L'assemblea organizzata a Livorno dal Coordinamento nazionale USB dei lavoratori portuali e dal CALP di Genova contro l'utilizzo dei porti per il transito delle navi da guerra ha inaugurato una discussione che non riguarda solo i lavoratori portuali. Il gesto coraggioso di rifiutarsi di collaborare con l'aggressione di Israele al popolo palestinese infatti ha diversi significati che meritano di essere sottolineati.

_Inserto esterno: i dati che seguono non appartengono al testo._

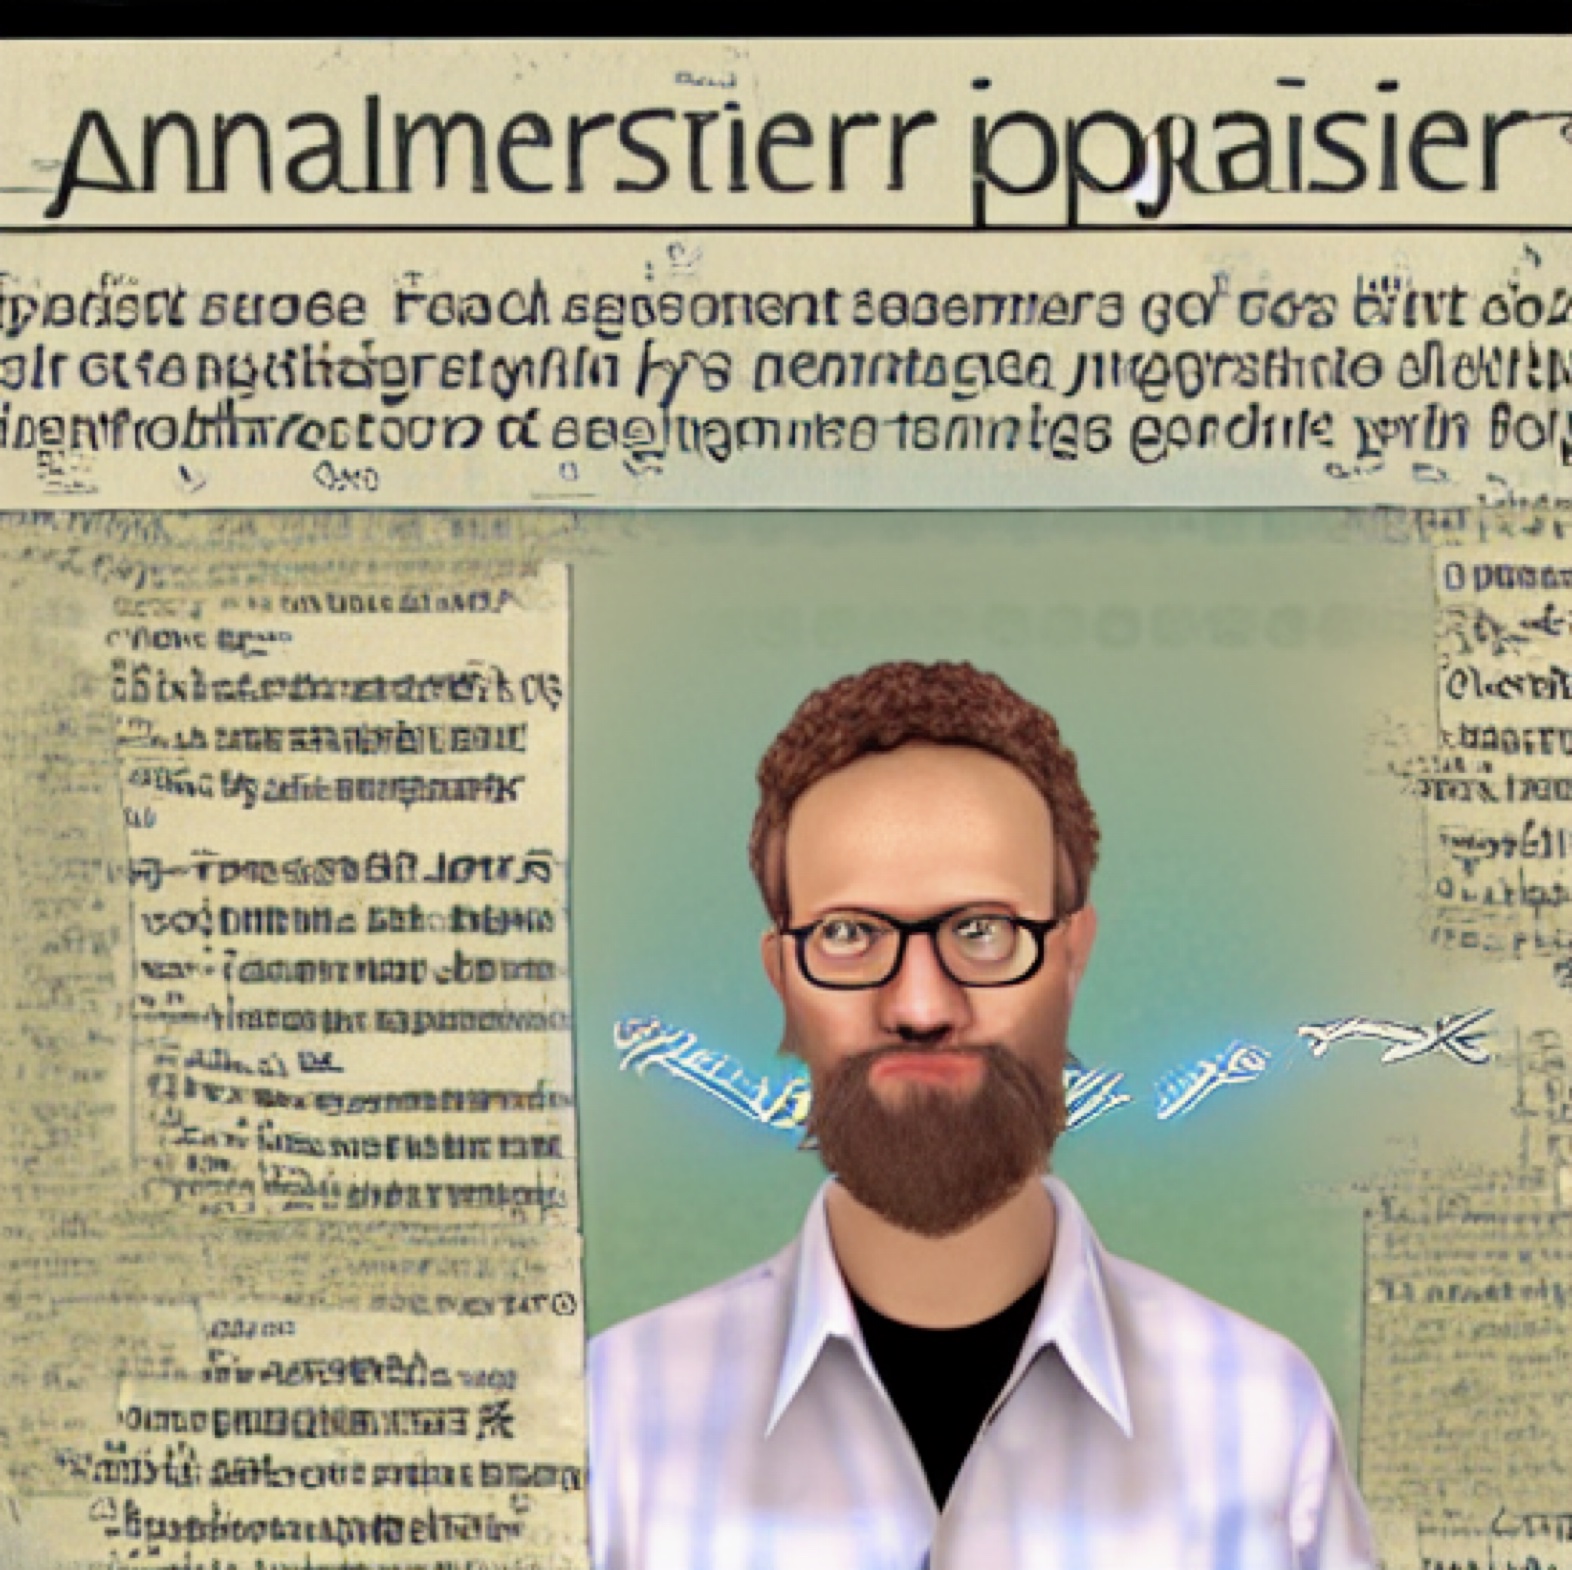 Stable Diffusion: "A journalist who is also a bad programmer" - Bild eines bärtigen Mannes mit Brille im Hemd, umrahmt von einer Zeitungsseite

Innanzitutto c’è il richiamo allo spirito di pace del nostro Paese, sancito dall'articolo 11 della Costituzione ma anche dalla legge 185 del 1990, e la volontà di impedire che le nostre infrastrutture siano messe al servizio di politiche di guerra. In questo i portuali di Livorno e i loro fratelli di Genova stanno valorizzando una antica tradizione internazionalista del movimento dei lavoratori, provando a rilanciare con forza il movimento contro la guerra che da troppi anni in Italia è scomparso dalle piazze. Solo qualche settimana fa però, in occasione dei bombardamenti su Gaza, si è visto che il sentimento di solidarietà e sostegno al popolo palestinese è ancora molto ampio e diffuso, e questo significa che esiste uno spazio reale nel nostro Paese di organizzazione e di lotta attorno a questi temi.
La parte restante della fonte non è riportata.